# Another Car carrier gets hull damaged by shifting carge - In Southampton!



## Tony Collins (Aug 29, 2010)

Another vehicle carrier G Poseidon has made it into Southampton after shifting cargo punctured her hull. There were some good pictures available yesterday but I cannot find them now, showing what looked like a digger bucket and lashing chains sticking out the side.

Apparently she met some heavy seas, during which the cargo shifted causing such damage that it was considered prudent to put into Southampton where she is now safely berthed.
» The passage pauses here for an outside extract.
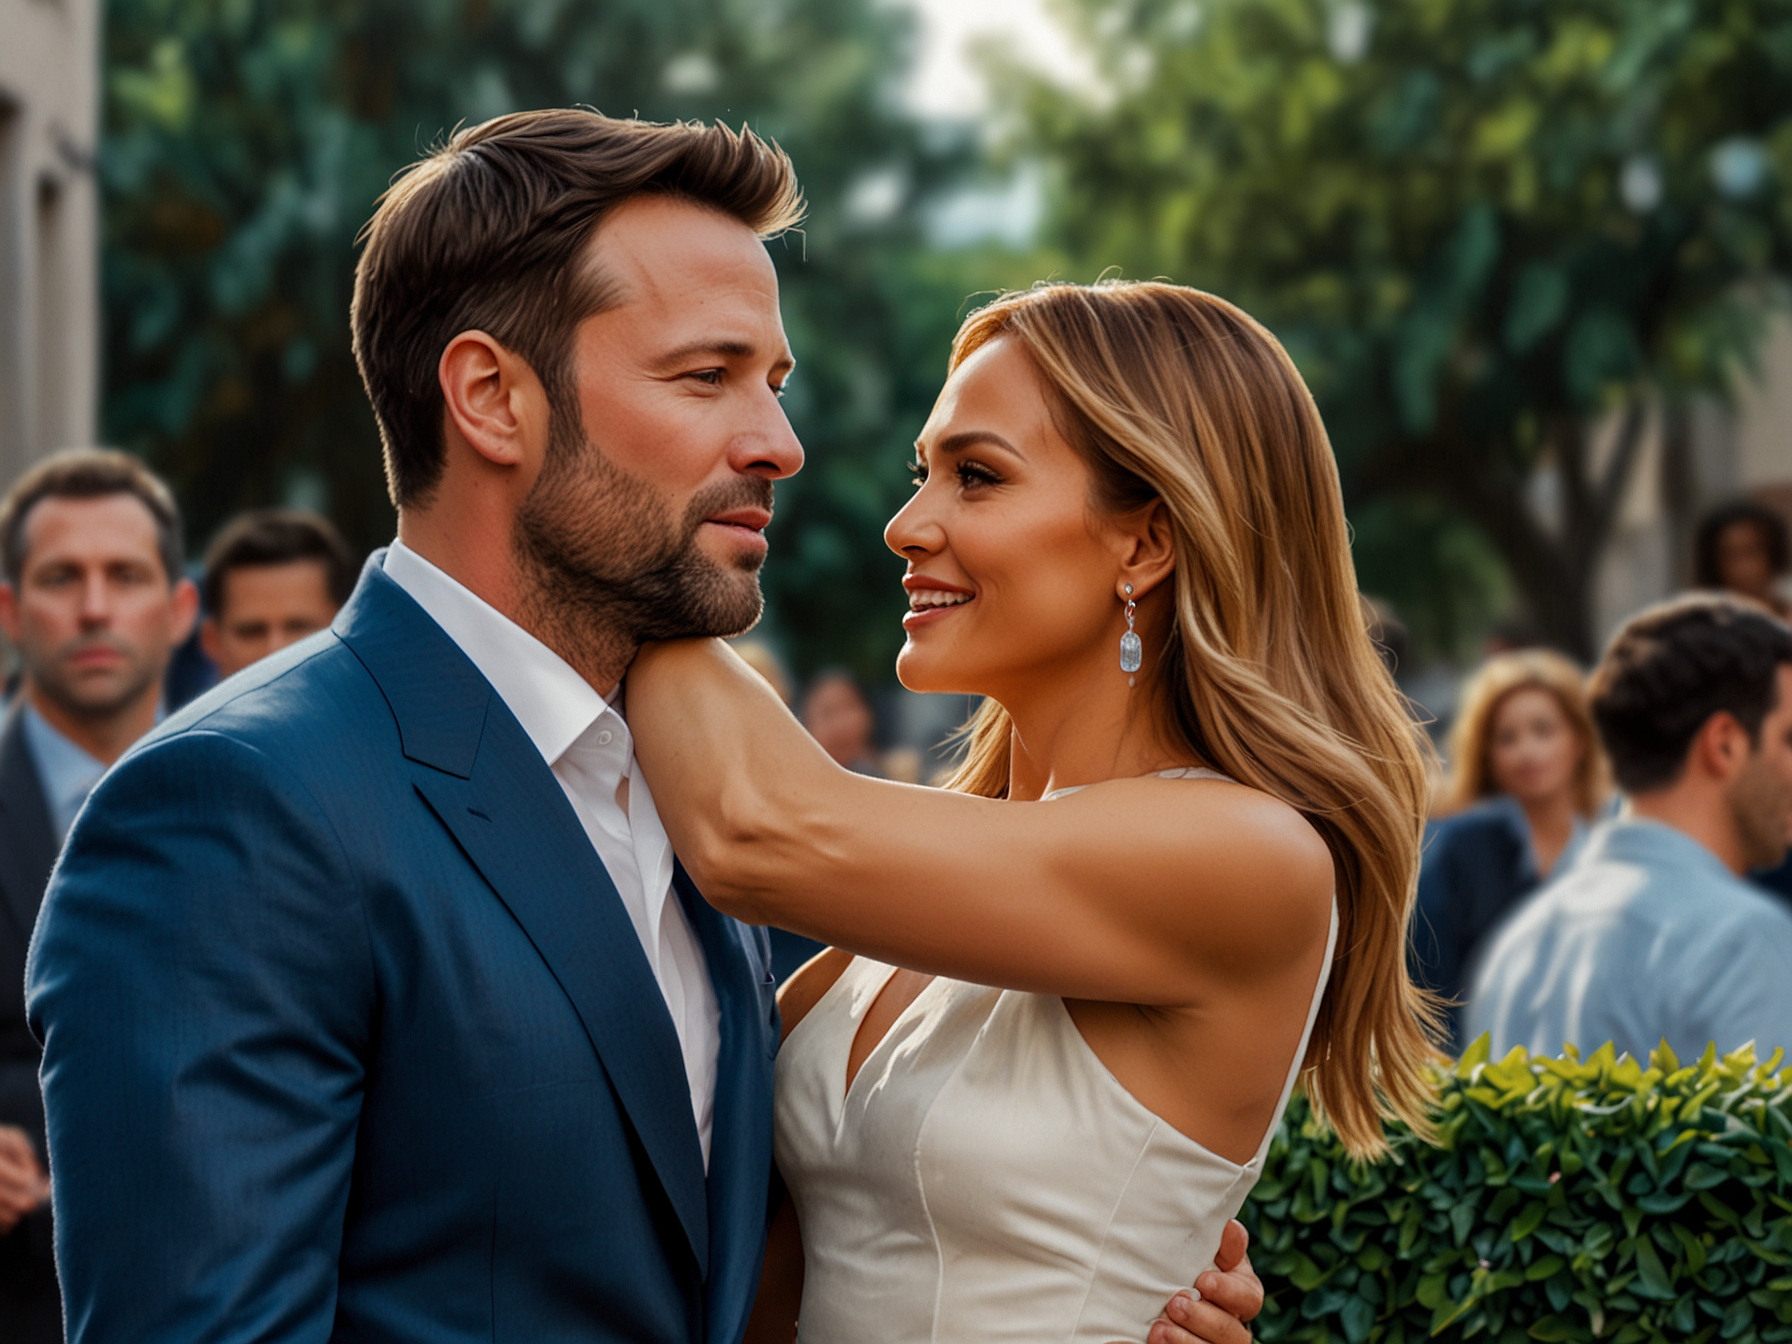 A candid photo of Jennifer Lopez and Ben Affleck, capturing their public reunion and the media attention surrounding their rekindled romance, often dubbed 'Bennifer 2.0.'

https://worldmaritimenews.com/archives/150333/another-car-carrier-gets-stuck-at-southampton-docks/


----------



## litz (Aug 20, 2012)

Found this ...

http://www.dailyecho.co.uk/news/11744455.Another_ship_is_stranded_in_Southampton_water/

Clearly shows multiple impact points ...


----------



## Tony Collins (Aug 29, 2010)

Yeah, I saw that in the link in my post, but there where much more detailed pics yesterday, including close-ups. What looked like the edge of a digger bucket and a lashing chain hanging out through a hole in the hull with a hook on the end. I came across them by accident in a series of pictures of the Hoegh Osaka. I didn't appreciate what they were at the time, but they have been removed from the file in which they were included erroniously.


----------



## ben27 (Dec 27, 2012)

good day tony collins sm,today,00:50.re:another car carrier get hull damage by shifting cargo-in southhampton.there seems to be a lot of problems with ro-ro,vessels of late.thanks for interesting post.regards ben27


----------



## Dartskipper (Jan 16, 2015)

ben27 said:


> good day tony collins sm,today,00:50.re:another car carrier get hull damage by shifting cargo-in southhampton.there seems to be a lot of problems with ro-ro,vessels of late.thanks for interesting post.regards ben27


"Ro-Ro" Is that "Roll on and Roll Over?


----------